This course will provide a rigorous introduction to online/sequential decision-making with applications to various problems in machine learning and beyond, and introduce students to the multi-armed bandit problem and its variants. The emphasis of the course will be on fundamental algorithms and their detailed analysis. This mini-course will prepare students for the subsequent course on reinforcement learning. A list of topics that will be covered includes

  • The stochastic multi-armed bandit problem
  • The ε-greedy algorithm, the UCB algorithm
  • Lower bounds on the regret for bandit problems
  • Thompson Sampling (time-permitting)
  • Online-decision making and the experts problem
  • Non-stochastic multi-armed bandits (time-permitting)
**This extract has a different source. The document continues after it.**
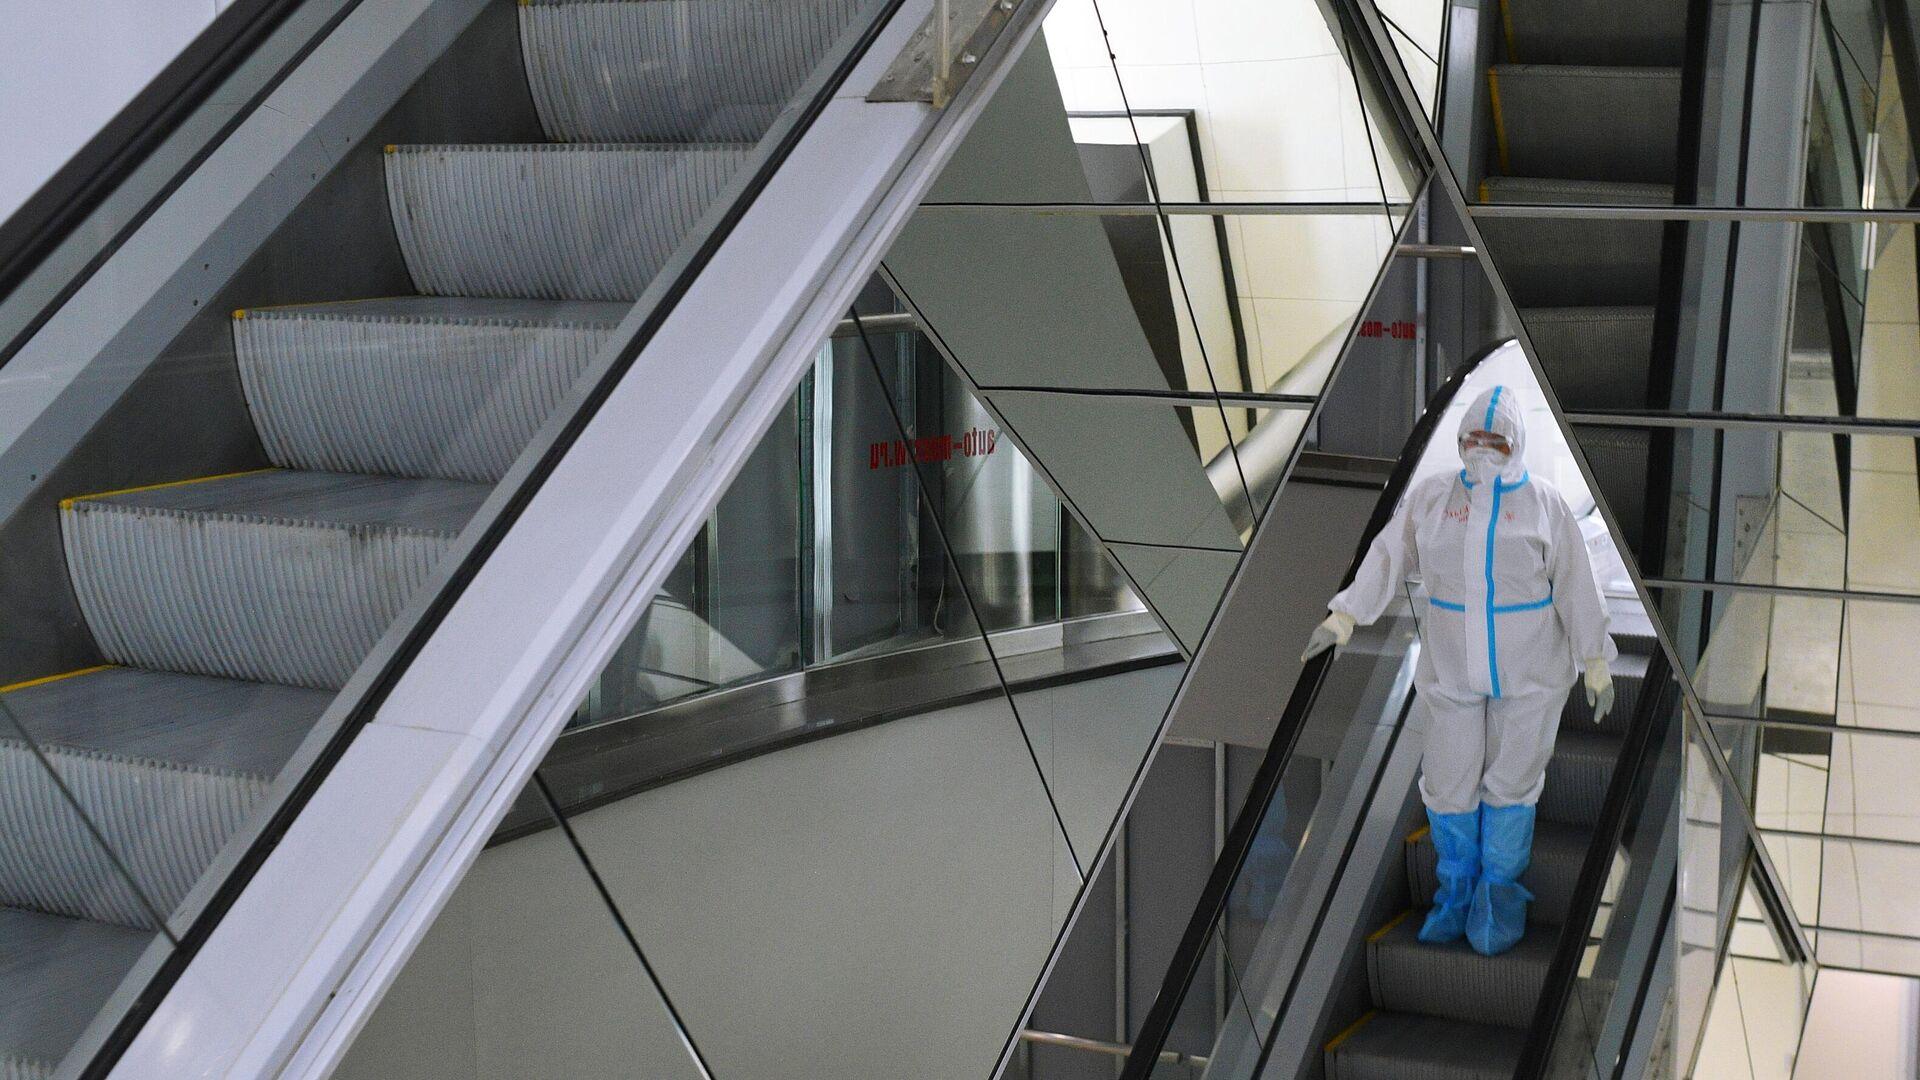 Медицинский работник во временном госпитале для пациентов с COVID-19 в автомобильном торговом центре Москва. - РИА Новости, 1920, 15.12.2020

Machine learning is a mathematical discipline and it is necessary to have a good background in linear algebra, calculus, probability and algorithms. You should have taken courses on linear algebra, probability, statistics and multivariate calculus. If you need to brush up on these concepts please refer to the links provided on the resources tab.

Recommended Textbooks

There is no specific textbook recommended for this course. However, having access to at least one the following will be helpful.

  • (BC) S. Bubeck and N. Cesa-Bianchi. Regret Analysis of Stochastic and Nonstochastic Multi-armed Bandit Problems. [link]
  • (CL) N. Cesa-Bianchi and G. Lugosi. Prediction, Learning and Games. Cambridge University Press 2006.
  • (LS) T. Lattimore and C. Szepesvári. Bandit Algorithms. [link]
  • (Sli) Alex Slivkins. Introduction to Multi-Armed Bandits. [link]